┏━━

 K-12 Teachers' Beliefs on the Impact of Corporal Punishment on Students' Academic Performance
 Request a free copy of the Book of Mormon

┗━━
┏━━

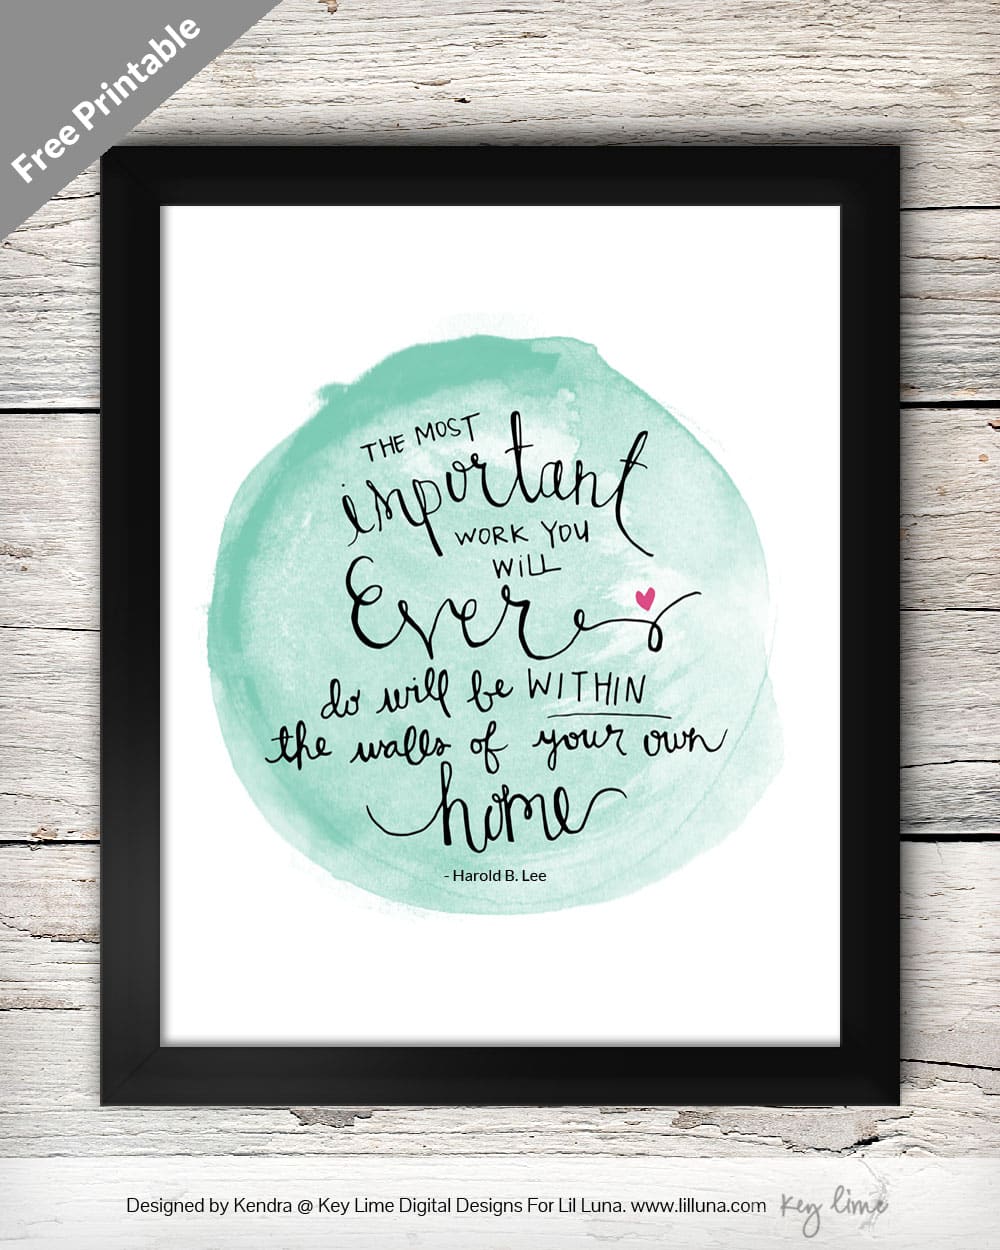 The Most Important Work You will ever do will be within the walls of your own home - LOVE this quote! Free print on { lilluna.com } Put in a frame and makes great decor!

┗━━
┏━━

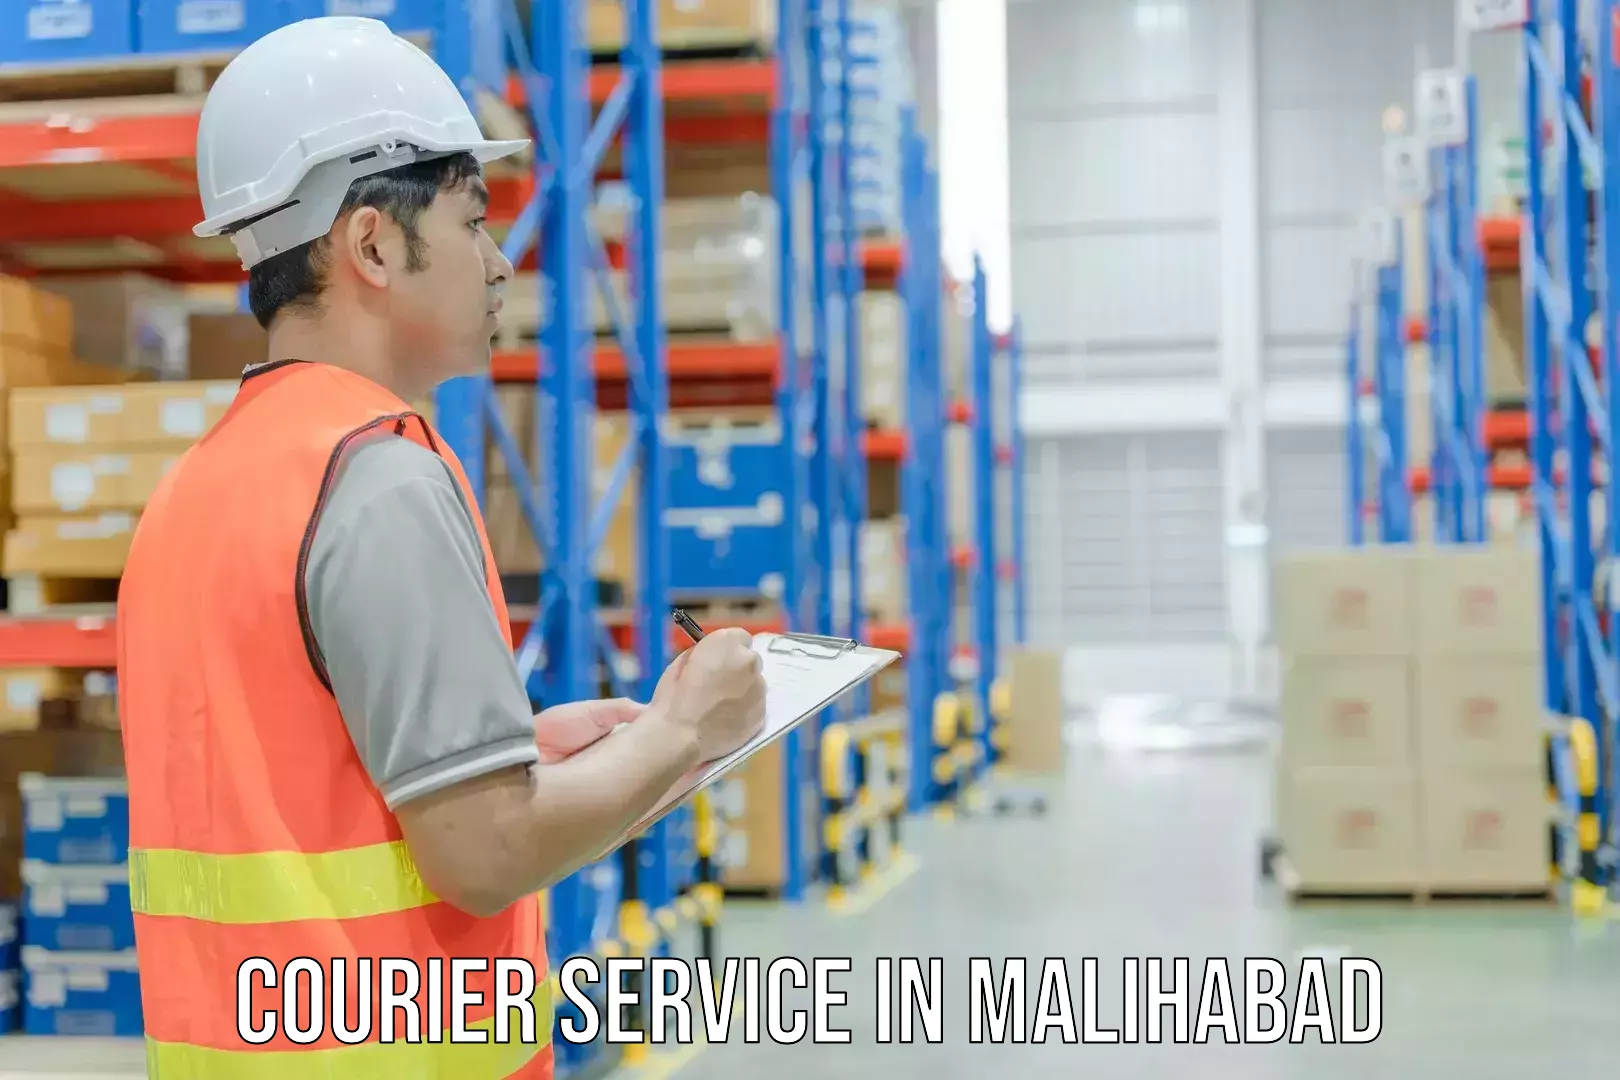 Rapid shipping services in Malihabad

┗━━

INSTRUCTIONS TO FOLLOW
Only the lines above from the one with "K-12 Teachers' Beliefs" through the one with "Request a free copy of the Book of Mormon" should be duplicated, character for character.

SOLUTION FOR THIS TASK
 K-12 Teachers' Beliefs on the Impact of Corporal Punishment on Students' Academic Performance
 Request a free copy of the Book of Mormon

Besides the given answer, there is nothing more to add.